> **Your assignment**
Nothing outside the stretch is wanted. Repeat exactly the lines of the listing below from the one that contains "StreetEasy launches new" through the one that contains "Edwardian silver plated", both ends included.

> **Extracted material**
################

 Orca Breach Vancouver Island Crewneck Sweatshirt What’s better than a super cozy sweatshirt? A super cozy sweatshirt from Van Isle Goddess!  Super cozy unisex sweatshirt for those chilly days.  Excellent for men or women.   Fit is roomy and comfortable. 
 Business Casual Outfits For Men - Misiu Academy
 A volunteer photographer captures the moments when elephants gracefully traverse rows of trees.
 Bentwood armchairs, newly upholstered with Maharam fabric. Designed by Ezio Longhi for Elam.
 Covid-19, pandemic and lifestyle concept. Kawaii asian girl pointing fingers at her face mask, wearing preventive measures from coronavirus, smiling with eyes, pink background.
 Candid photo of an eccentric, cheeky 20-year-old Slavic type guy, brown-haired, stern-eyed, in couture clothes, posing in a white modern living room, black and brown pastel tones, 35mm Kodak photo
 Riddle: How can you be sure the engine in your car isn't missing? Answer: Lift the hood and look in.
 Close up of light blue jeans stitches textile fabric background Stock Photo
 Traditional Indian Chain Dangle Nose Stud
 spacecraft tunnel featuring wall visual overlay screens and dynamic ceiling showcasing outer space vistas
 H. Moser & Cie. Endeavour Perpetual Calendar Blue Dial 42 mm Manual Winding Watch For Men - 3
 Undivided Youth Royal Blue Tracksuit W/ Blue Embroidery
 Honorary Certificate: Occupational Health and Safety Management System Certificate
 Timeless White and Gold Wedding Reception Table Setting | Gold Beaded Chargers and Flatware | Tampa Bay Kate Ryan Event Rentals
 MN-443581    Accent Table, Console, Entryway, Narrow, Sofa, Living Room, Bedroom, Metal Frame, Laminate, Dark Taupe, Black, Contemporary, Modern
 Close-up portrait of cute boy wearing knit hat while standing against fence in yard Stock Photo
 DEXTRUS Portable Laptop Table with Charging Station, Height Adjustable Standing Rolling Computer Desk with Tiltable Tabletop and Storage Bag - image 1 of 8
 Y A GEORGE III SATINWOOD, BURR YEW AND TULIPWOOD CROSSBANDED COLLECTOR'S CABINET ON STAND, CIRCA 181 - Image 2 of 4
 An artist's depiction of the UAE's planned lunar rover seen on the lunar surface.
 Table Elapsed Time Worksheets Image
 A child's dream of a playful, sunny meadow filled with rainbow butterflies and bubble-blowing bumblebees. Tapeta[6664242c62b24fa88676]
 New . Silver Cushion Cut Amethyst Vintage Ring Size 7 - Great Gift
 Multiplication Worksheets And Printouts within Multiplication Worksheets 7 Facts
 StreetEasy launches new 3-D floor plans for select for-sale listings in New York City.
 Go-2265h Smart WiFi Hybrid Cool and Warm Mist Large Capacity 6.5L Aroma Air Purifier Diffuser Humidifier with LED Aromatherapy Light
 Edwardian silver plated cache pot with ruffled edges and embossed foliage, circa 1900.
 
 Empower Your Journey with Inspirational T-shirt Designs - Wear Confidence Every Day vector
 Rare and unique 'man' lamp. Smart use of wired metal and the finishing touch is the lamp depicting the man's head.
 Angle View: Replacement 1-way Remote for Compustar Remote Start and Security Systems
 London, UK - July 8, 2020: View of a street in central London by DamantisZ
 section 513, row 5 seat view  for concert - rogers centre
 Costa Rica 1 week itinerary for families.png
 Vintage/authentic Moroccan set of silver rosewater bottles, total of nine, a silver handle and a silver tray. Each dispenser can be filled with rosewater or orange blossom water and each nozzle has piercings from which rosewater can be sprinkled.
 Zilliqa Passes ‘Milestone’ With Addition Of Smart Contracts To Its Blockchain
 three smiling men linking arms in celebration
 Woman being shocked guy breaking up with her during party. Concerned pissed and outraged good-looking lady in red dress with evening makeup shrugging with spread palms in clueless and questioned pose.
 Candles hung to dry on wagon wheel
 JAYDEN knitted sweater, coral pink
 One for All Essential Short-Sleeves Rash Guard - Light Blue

################

> **Solution**
 StreetEasy launches new 3-D floor plans for select for-sale listings in New York City.
 Go-2265h Smart WiFi Hybrid Cool and Warm Mist Large Capacity 6.5L Aroma Air Purifier Diffuser Humidifier with LED Aromatherapy Light
 Edwardian silver plated cache pot with ruffled edges and embossed foliage, circa 1900.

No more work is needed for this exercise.